Subdivisions and Suburban Communities (Cont.)

 
 
Black and white of dirt road lined with trees and flat grassy area with a house at the end of the road.
Job #7798, 07798-01-ph047, Munson Subdivision, Longmeadow, MA

Olmsted Archives

Munson Subdivision (Longmeadow, MA)

In 1926, Olmsted Brothers drew their first plan for the Munson Subdivision, more commonly known as Glen Arden, in Longmeadow, Massachusetts. After the success of neighboring Colony Hills in Springfield years earlier, business-owner Edwin Munson purchased an empty parcel of land, and asked Olmsted Brothers to design a similar concept. Working with about seventy acres of land nestled next to a Country Club, Olmsted Brothers laid out fifty-four lots, and divided the subdivision into four sections, developing one section at a time.

The exclusive suburb was styled after English villages, and a minimum price restriction was enforced at the sale of each home. A ravine cutting through the property acted as a natural divider, as well as providing even more green space. Olmsted Brothers continued consultation at Munson Subdivision well after John Charles Olmsted’s death, and a few years before Frederick Law Olmsted Jr.'s. They closed the book on the Munson Subdivision in 1952.
 
Pencil drawing of community under major road with curving roads around the community.
Job #1012, 01012-7-pt2, Goddard Land Company, Brookline, MA

Olmsted Archives

Goddard Land Company (Brookline, MA)

After moving to Brookline, Massachusetts in 1883, Frederick Law Olmsted would design three subdivisions for his new community, Fisher Hill being one of them. A pair of landowners wrote to Olmsted in February 1884 stating they were combining their properties, and requested Olmsted create a plan for the land. As always, Olmsted referenced the topographical survey to ensure his curving roads would fit into the natural scenery.

Despite curved lines not being a popular choice at the time, Olmsted did have a reason to include them. Fisher Hill lies between two major streets, Beacon, and Boylston, however, only one road connects the two within Fisher Hill, and it lies on the border of the subdivision. This means that those curving residential streets aren’t shortcuts to anywhere. They only travel within Fisher Hill, which discourages outside traffic from cutting through the neighborhood, leaving Fisher Hill a peaceful, quiet area.

The neighborhood has remained, for the most part, unchanged, making it Olmsted’s most intact subdivision in the country. That cohesiveness of the plan is partly to do with Olmsted’s sensitive layout, as well as the fact that most homes were built under a short time, and under deed restrictions.
 
Pencil drawing of community around body of water with lots of homes right up against the water, with trees lining the road, and green space on the ends of the water.
Job #1091, 01091-01, Lake Wauconda, Perry Park, CO

Olmsted Archives

Lake Wauconda (Perry Park, CO)

Frederick Law Olmsted was hired by the Redstone Town Land & Mining Company in 1889 to prepare a plan for a lakeside village in Perry Park, Colorado.

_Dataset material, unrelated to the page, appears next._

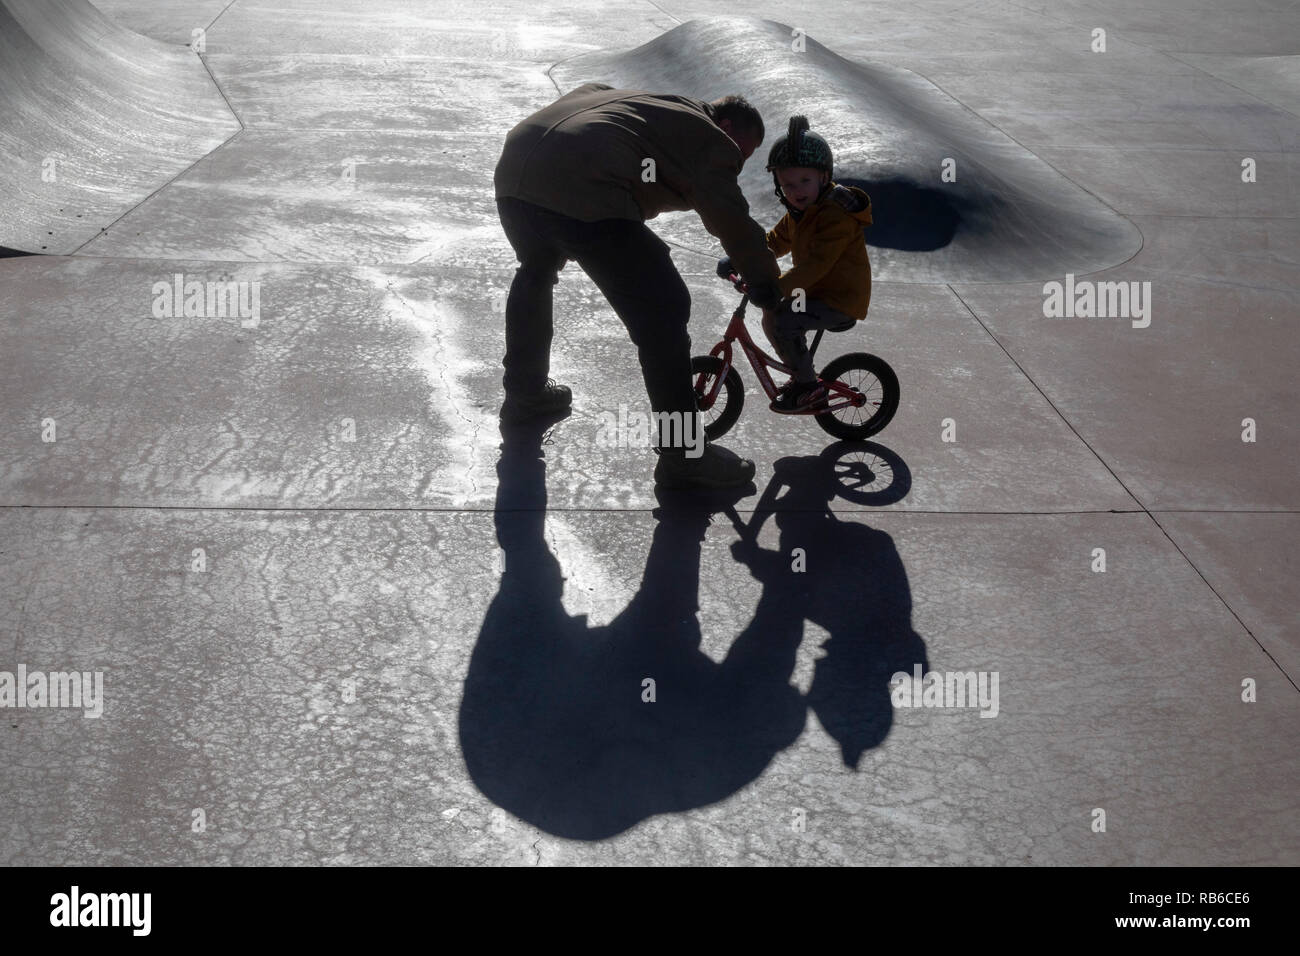 Denver, Colorado - Adam Hjermstad Suor aiuta il suo quattro-anno-vecchio figlio Adam Jr., a guidare il suo equilibrio bike in uno skatepark. Foto Stock

Writing in his Preliminary Plan, Olmsted recognized that “the distant landscape is not only sublime in its vastness, but full of delicate ethereal beauty”. Olmsted was faced with the challenge of designing a community in a dry mountainous region lacking proper irrigation.

Developers didn’t give up and gave the community their water source by damming Bear Creek and creating Lake Wauconda, which is also what they wanted to name their subdivision. Despite planning around large formations of stones which dominated the landscape and sketching several designs, Lake Wauconda subdivision never came to be. Ownership was passed around until the area was developed as a resort community.
 
Pencil drawing of long road lined with trees in the middle section and roads fawning out.
Job #6485, 06485-A-3, Monterey Boulevard, San Francisco, CA

Olmsted Archives

Monterey Boulevard (San Francisco, CA)

In 1916, Olmsted Brothers were hired to prepare an extension for a subdivision they had worked on four years earlier: St. Francis Wood. This new subdivision, Monterey Boulevard, would border the Southern edge of St. Francis Wood, divided by a raised concrete foundation to accommodate the area’s sloping topography. In their proposed plan, Olmsted Brothers drew a series of green medians planted thick with deciduous shrubs and flowers. A set of building restrictions and clauses were created for Monterey Boulevard which also applied to St. Francis Wood, to maintain the character and uniformity of the two subdivisions.